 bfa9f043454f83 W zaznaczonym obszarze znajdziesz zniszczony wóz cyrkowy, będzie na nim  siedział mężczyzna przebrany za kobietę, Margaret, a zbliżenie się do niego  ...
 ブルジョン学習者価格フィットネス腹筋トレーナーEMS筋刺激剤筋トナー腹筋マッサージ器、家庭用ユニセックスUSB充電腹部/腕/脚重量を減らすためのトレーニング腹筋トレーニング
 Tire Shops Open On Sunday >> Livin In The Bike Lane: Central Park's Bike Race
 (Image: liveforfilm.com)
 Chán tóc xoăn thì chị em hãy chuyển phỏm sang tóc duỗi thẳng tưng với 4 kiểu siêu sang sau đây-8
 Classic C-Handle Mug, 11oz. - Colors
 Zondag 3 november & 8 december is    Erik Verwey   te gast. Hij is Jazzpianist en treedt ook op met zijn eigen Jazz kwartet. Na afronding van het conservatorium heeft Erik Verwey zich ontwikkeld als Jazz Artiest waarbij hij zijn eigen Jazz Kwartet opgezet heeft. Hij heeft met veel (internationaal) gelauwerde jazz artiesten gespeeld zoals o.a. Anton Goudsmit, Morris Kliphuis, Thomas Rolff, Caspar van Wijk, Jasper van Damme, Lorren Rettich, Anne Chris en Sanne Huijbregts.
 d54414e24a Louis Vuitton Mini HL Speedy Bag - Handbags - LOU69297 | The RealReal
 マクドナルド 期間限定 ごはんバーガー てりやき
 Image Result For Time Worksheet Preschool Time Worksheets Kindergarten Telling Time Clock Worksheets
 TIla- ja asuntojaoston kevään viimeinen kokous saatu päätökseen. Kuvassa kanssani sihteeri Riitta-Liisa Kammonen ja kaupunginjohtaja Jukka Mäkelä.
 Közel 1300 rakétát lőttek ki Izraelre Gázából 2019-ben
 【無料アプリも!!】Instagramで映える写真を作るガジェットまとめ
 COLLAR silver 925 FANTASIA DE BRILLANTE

■ **EXERCISE DIRECTIONS**
Every line of the data above should be retyped precisely.

■ **YOUR RESPONSE**
 bfa9f043454f83 W zaznaczonym obszarze znajdziesz zniszczony wóz cyrkowy, będzie na nim  siedział mężczyzna przebrany za kobietę, Margaret, a zbliżenie się do niego  ...
 ブルジョン学習者価格フィットネス腹筋トレーナーEMS筋刺激剤筋トナー腹筋マッサージ器、家庭用ユニセックスUSB充電腹部/腕/脚重量を減らすためのトレーニング腹筋トレーニング
 Tire Shops Open On Sunday >> Livin In The Bike Lane: Central Park's Bike Race
 (Image: liveforfilm.com)
 Chán tóc xoăn thì chị em hãy chuyển phỏm sang tóc duỗi thẳng tưng với 4 kiểu siêu sang sau đây-8
 Classic C-Handle Mug, 11oz. - Colors
 Zondag 3 november & 8 december is    Erik Verwey   te gast. Hij is Jazzpianist en treedt ook op met zijn eigen Jazz kwartet. Na afronding van het conservatorium heeft Erik Verwey zich ontwikkeld als Jazz Artiest waarbij hij zijn eigen Jazz Kwartet opgezet heeft. Hij heeft met veel (internationaal) gelauwerde jazz artiesten gespeeld zoals o.a. Anton Goudsmit, Morris Kliphuis, Thomas Rolff, Caspar van Wijk, Jasper van Damme, Lorren Rettich, Anne Chris en Sanne Huijbregts.
 d54414e24a Louis Vuitton Mini HL Speedy Bag - Handbags - LOU69297 | The RealReal
 マクドナルド 期間限定 ごはんバーガー てりやき
 Image Result For Time Worksheet Preschool Time Worksheets Kindergarten Telling Time Clock Worksheets
 TIla- ja asuntojaoston kevään viimeinen kokous saatu päätökseen. Kuvassa kanssani sihteeri Riitta-Liisa Kammonen ja kaupunginjohtaja Jukka Mäkelä.
 Közel 1300 rakétát lőttek ki Izraelre Gázából 2019-ben
 【無料アプリも!!】Instagramで映える写真を作るガジェットまとめ
 COLLAR silver 925 FANTASIA DE BRILLANTE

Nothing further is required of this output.